Вызвали. Но не их, а только Митеньку.
– Мам, – Дмитрий Дмитриевич за голову не хватался и голос не повышал, говорил тоном вкрадчивым, но настойчивым: – Если ты поехать хочешь, так поедем. Только сама подумай, что ты там делать-то будешь?
– Так ведь то же, что здесь: за Митенькой смотреть.
– Мамочка, это ему сейчас шесть, а потом восемь исполнится, и двенадцать. Мам, он же в школу в сентябре пойдет, его целый день дома не будет. А ты что делать станешь?
– Ну… – У Галины Николаевны был готов целый список из возможных ответов. И готовить, и убирать, и книги читать, и телевизор смотреть, и с соседями общаться, и…
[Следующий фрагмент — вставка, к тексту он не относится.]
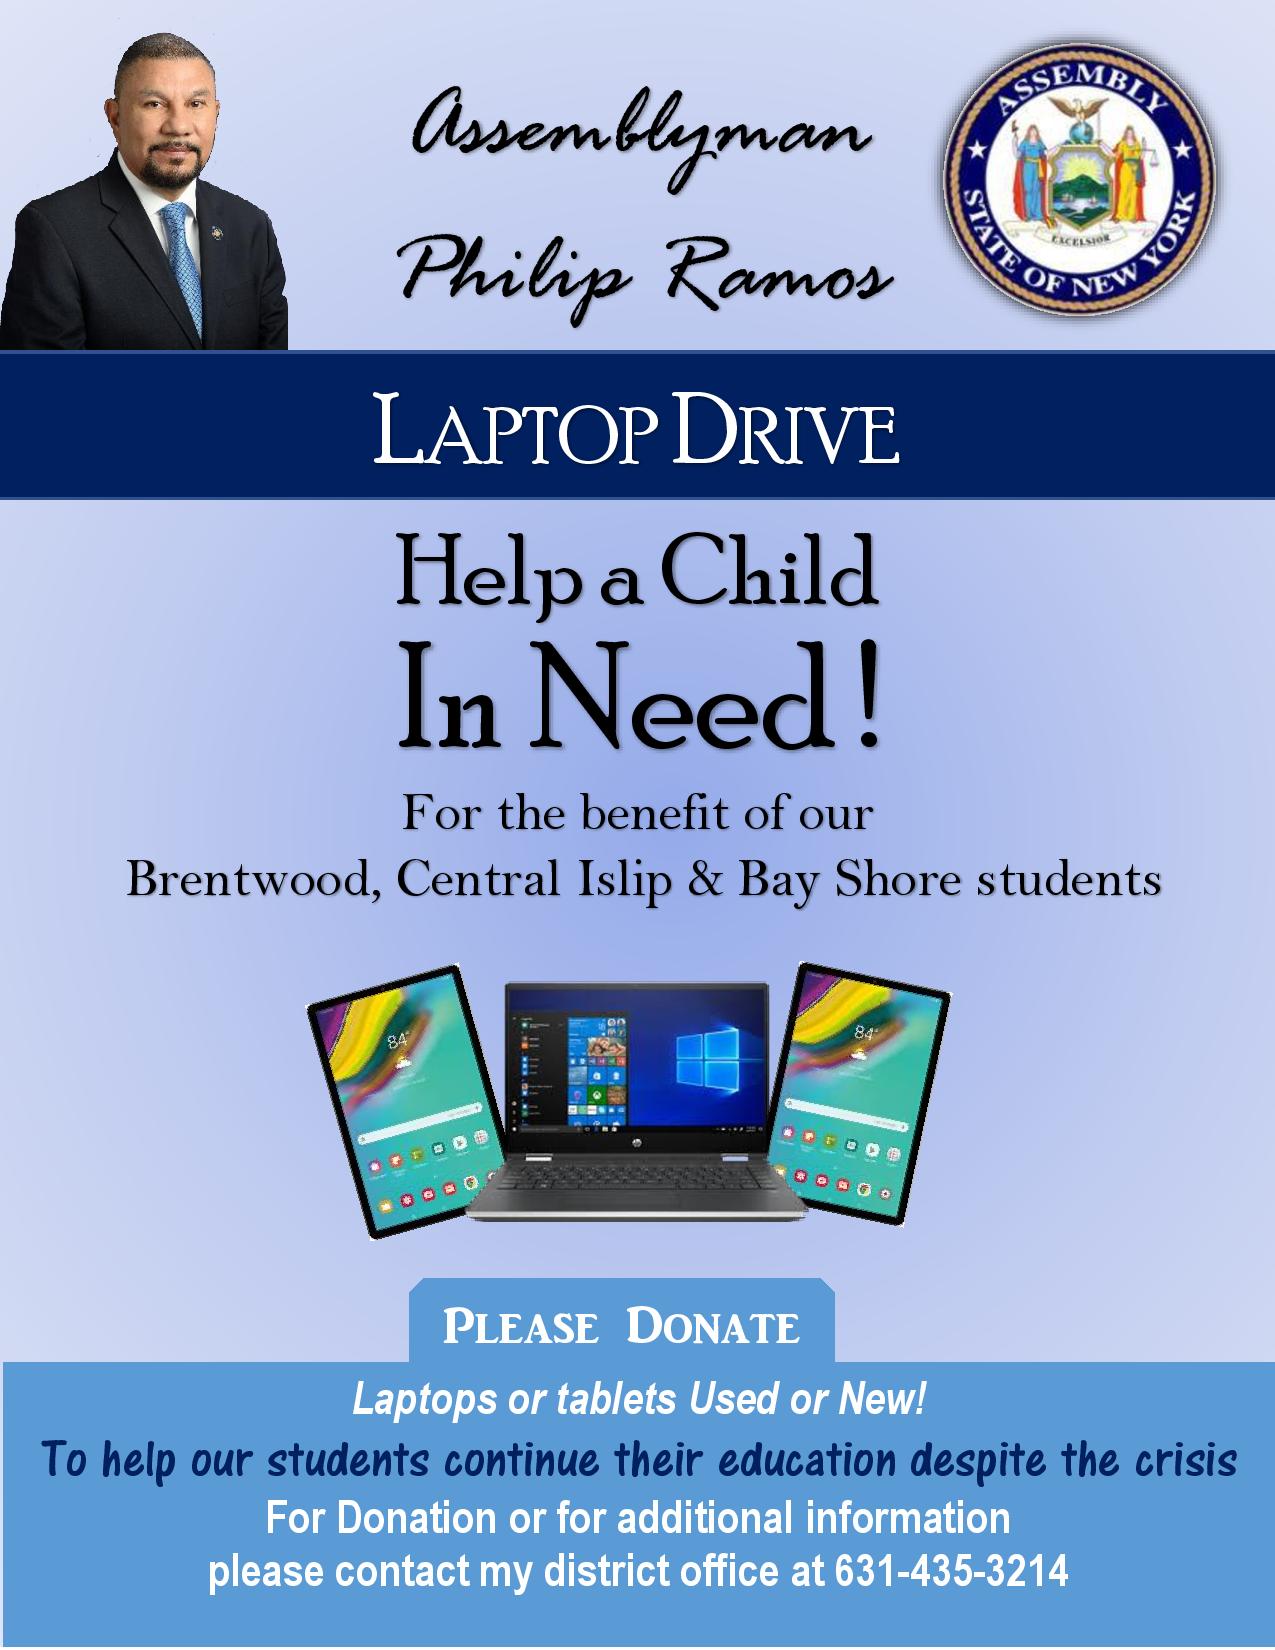 An image asking for the donation of laptops and tablets for students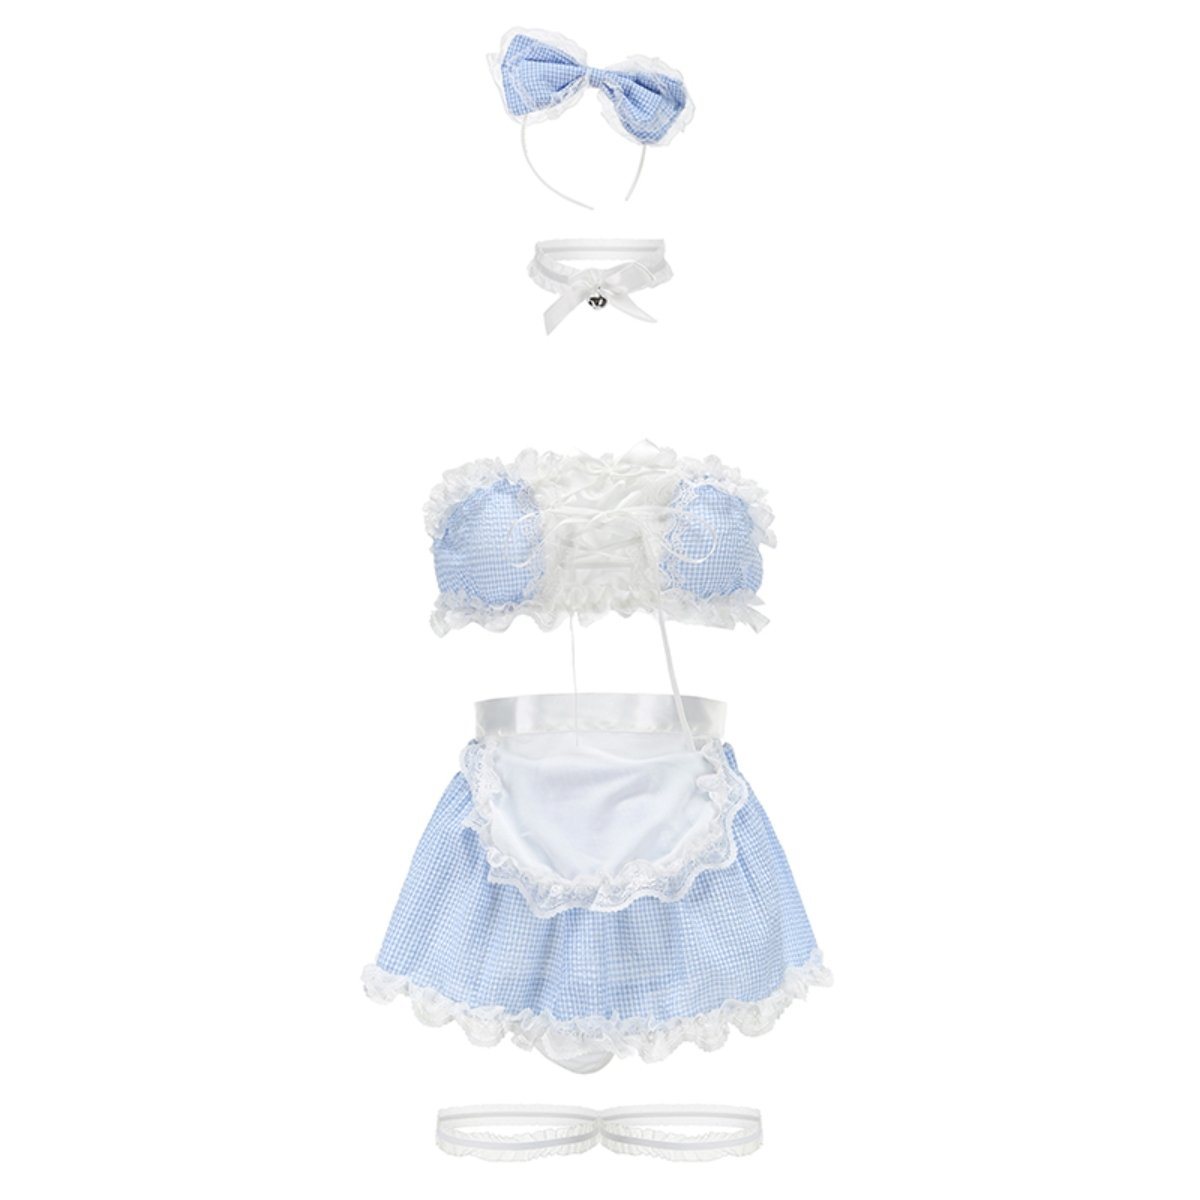 French maid lingerie set Intimates LOVEFREYA

– Убирает у нас Жози, готовит Дора, – опережая ее мысли, сказал сын.
– Это кто? Собаки?
– Мам! – Здесь Дмитрию Дмитриевичу в пору было бы схватиться за голову, но он только расхохотался. – Ну, как тебе ехать, а? Тебя бы в Америке лет на десять за такие слова упекли по обвинению в расизме. Это афроамериканки, которые нам помогают.
И снова Галине Николаевне становилось за себя стыдно и как-то даже удивительно. И как это у нее – такой клуши – мог получиться такой умный сын? Прав ведь Митенька, во всем прав, нечего ей делать в этой Америке. Он же объяснил: все говорят по-английски, телевидение тоже местное, и тарелку они ставить не собираются, чтобы у ребенка формировалась устойчивая языковая среда. А медицина? Что бы она делала сейчас в этой Америке со всеми своими болячками? Там ведь уход бешеных денег стоит. Нет, она, конечно, старая дура, а Митенька – он тогда правильно сделал, что мать не взял.
Галина Николаевна взглянула на часы. Ходики показывали десять утра. Значит, звонка от старшего сына ждать еще несколько часов. Все-таки с Нью-Йорком восемь часов разницы во времени. В самом «большом яблоке»[3]Галине Николаевне побывать довелось лет пятнадцать назад. Тогда еще был жив муж. Он-то и позвал ее прокатиться по Америке (он с курсом лекций, она – с горящими глазами). Они объездили почти все штаты. Были и в Калифорнии, и во Флориде, и в Северной Каролине, и в Дакоте. Разве что до Аляски не добрались. Но на Аляску Галине Николаевне и не хотелось, а вот увидеть Лос-Анджелес, Вашингтон, Нью-Йорк она мечтала давно. Каждый из этих особенных городов оставил у нее неизгладимое впечатление. Столица Калифорнии показалась ей городом скорее бесов, чем ангелов: бешеный ритм, вспышки фотоаппаратов, толпы людей и жизнь, подчиненная марке «Голливуд». Вашингтон, напротив, поразил упорядоченностью и респектабельностью, которую трудно ожидать от столицы. А Нью-Йорк просто очень понравился. Чем-то напомнил он родную Москву: с разным настроением, с неправильными формами, со спешащими куда-то людьми. Тогда она подумала, что этот город, пожалуй, смог бы стать ей родным, но теперь упоминание о Нью-Йорке не вызывало ничего, кроме неприязни.